# Exercise goal
The whole listing, exactly as given: write it out, leaving out each image.

# Raw data
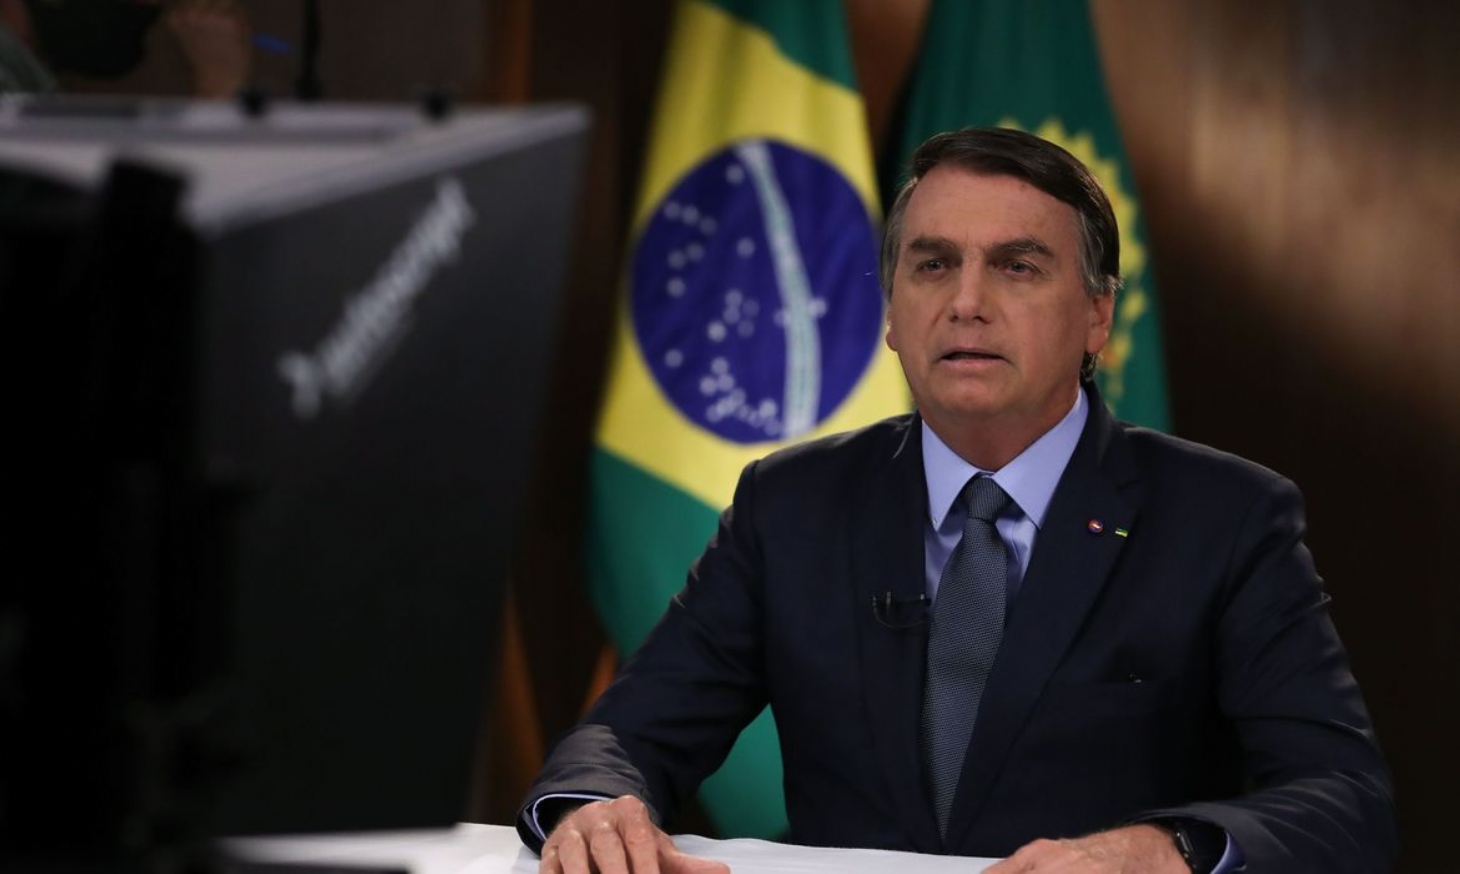 Brasil é vítima de desinformação sobre meio ambiente, diz Bolsonaro | Jornal da Orla
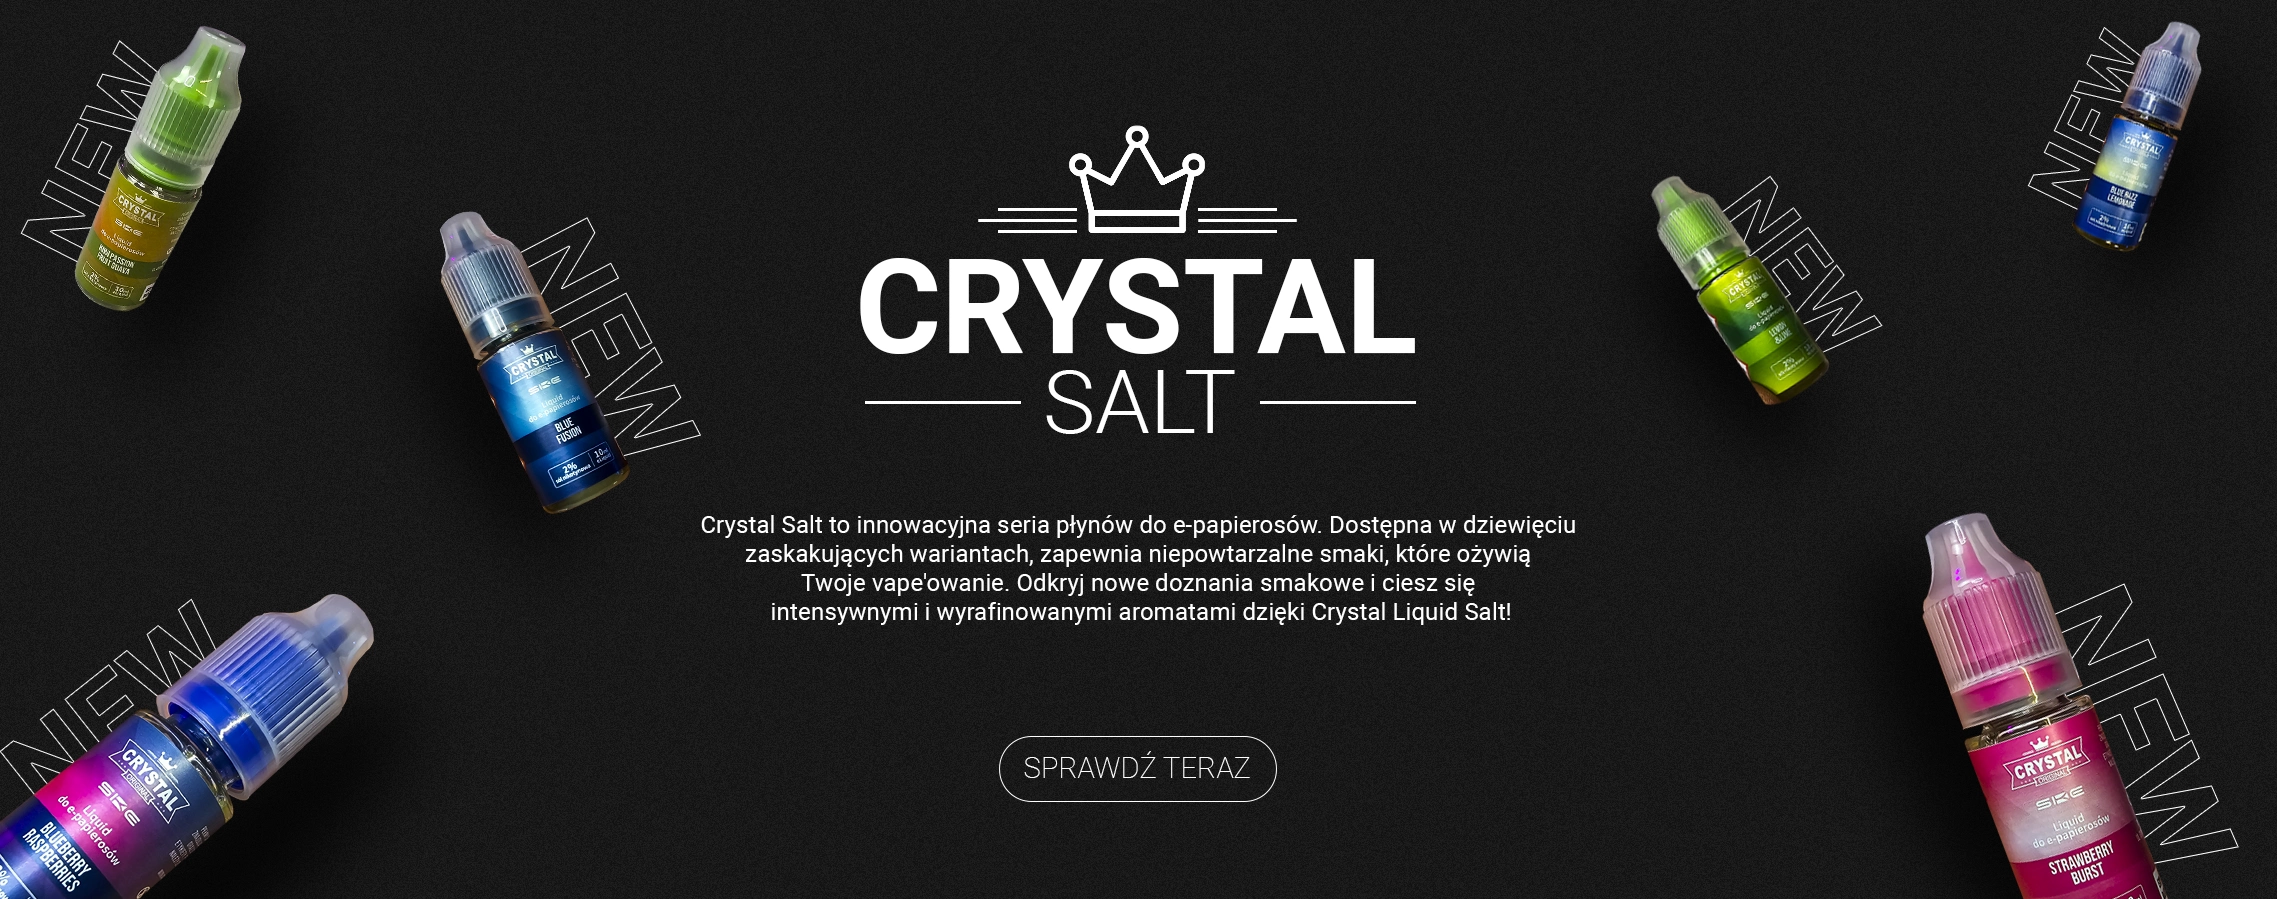 Crystal-Salt-Baner(1)
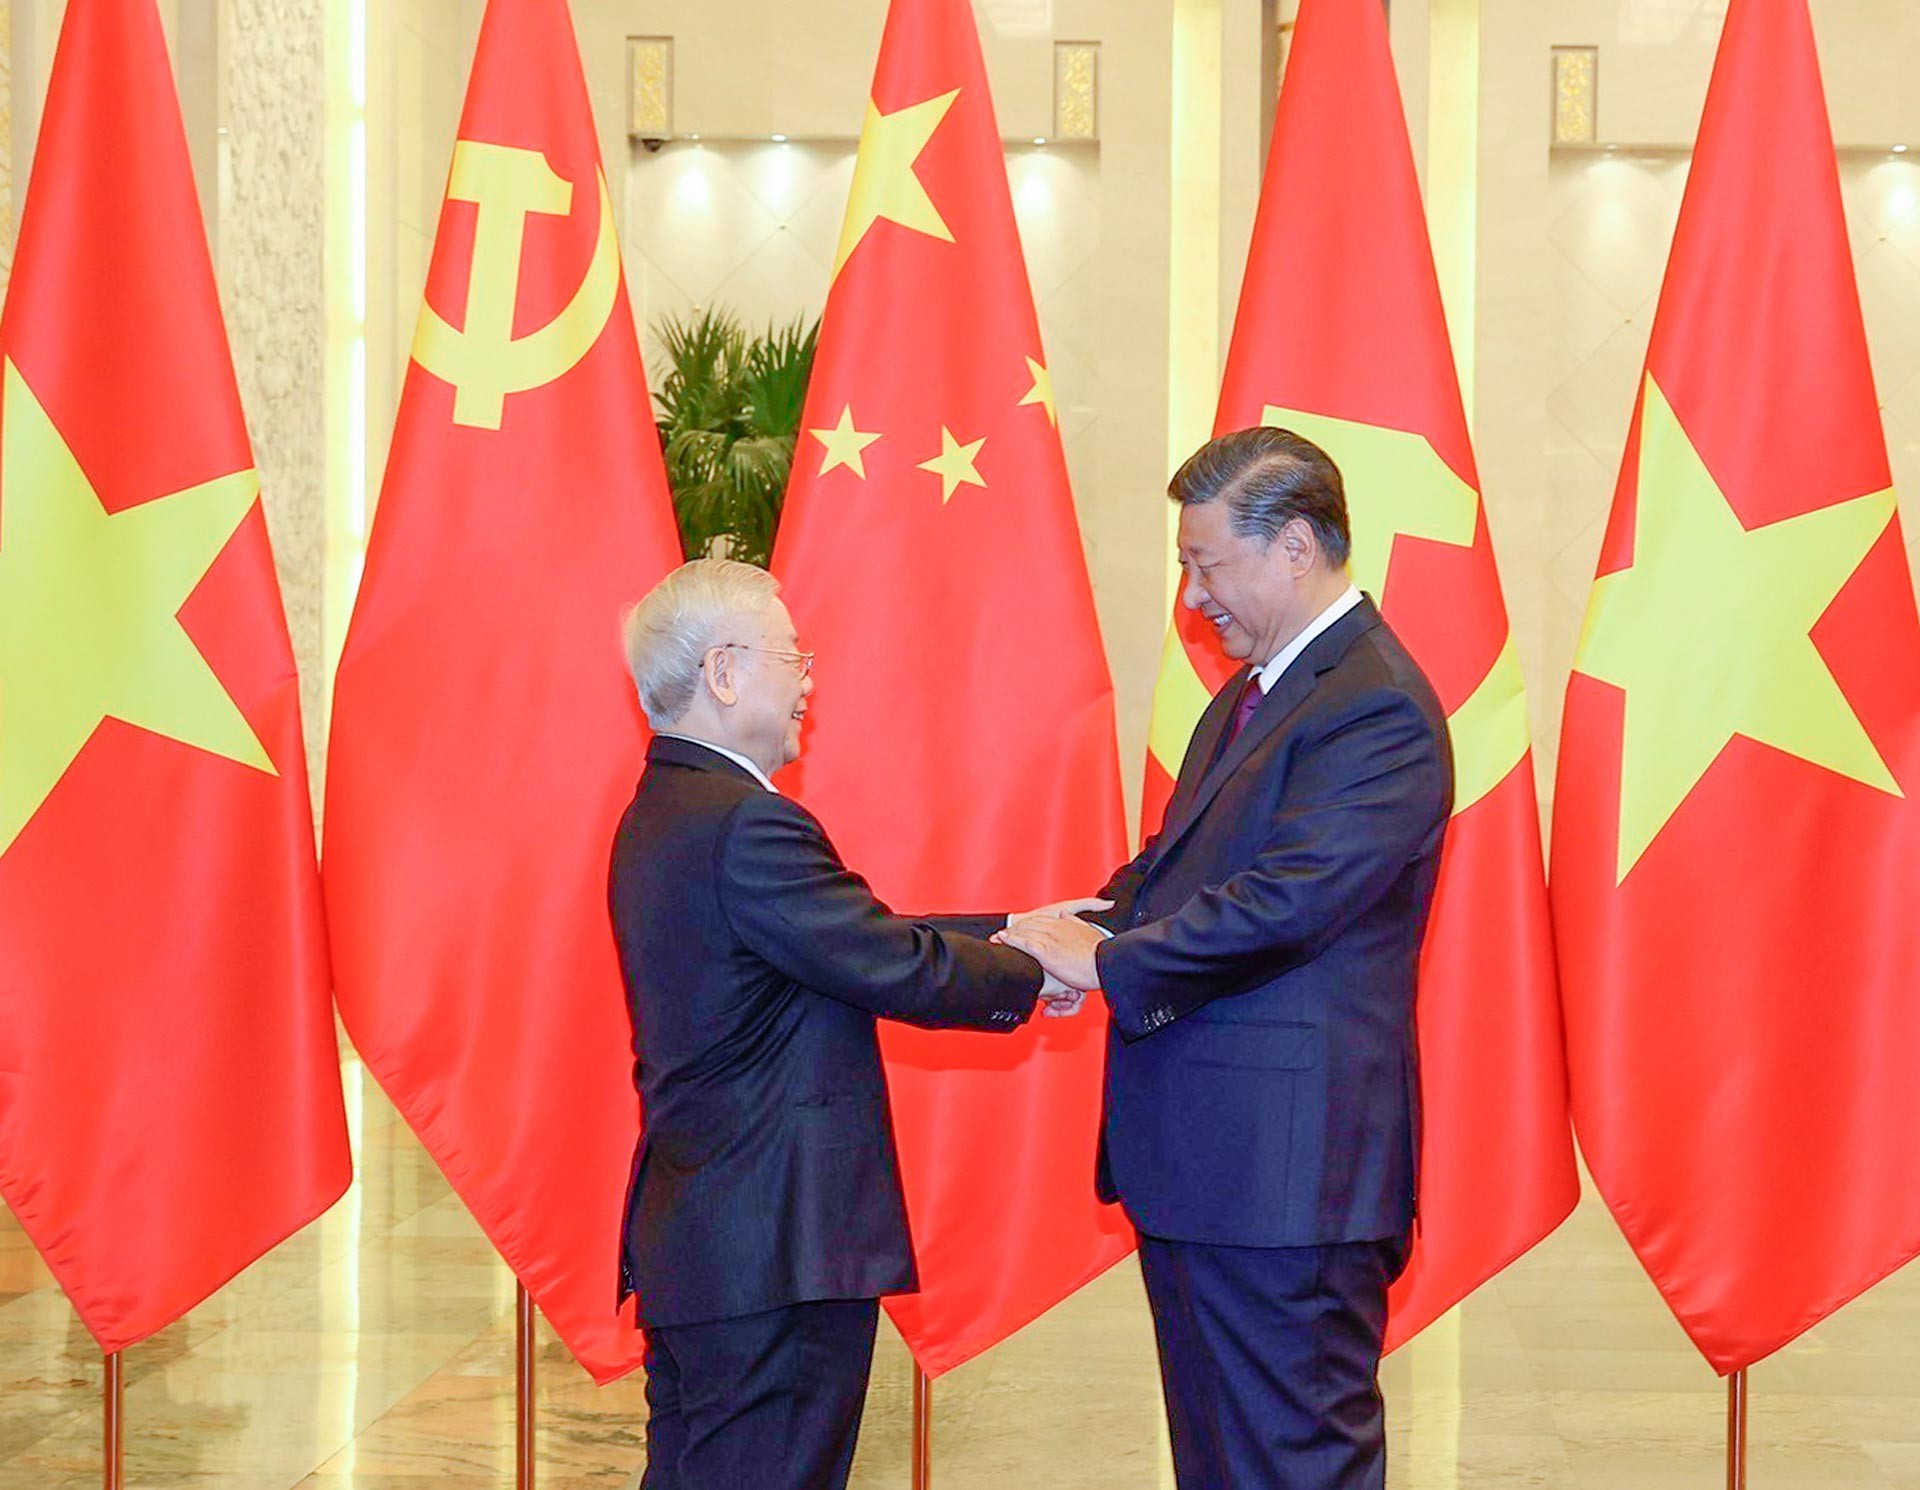 Chuyến thăm chính thức của Tổng Bí thư Nguyễn Phú Trọng tới Trung Quốc từ ngày 30/10-1/11/2022 là một hoạt động đối ngoại nổi bật trong nửa đầu nhiệm kỳ Đại hội lần thứ XIII của Đảng.

# Result for this exercise
 Brasil é vítima de desinformação sobre meio ambiente, diz Bolsonaro | Jornal da Orla
 Crystal-Salt-Baner(1)
 Chuyến thăm chính thức của Tổng Bí thư Nguyễn Phú Trọng tới Trung Quốc từ ngày 30/10-1/11/2022 là một hoạt động đối ngoại nổi bật trong nửa đầu nhiệm kỳ Đại hội lần thứ XIII của Đảng.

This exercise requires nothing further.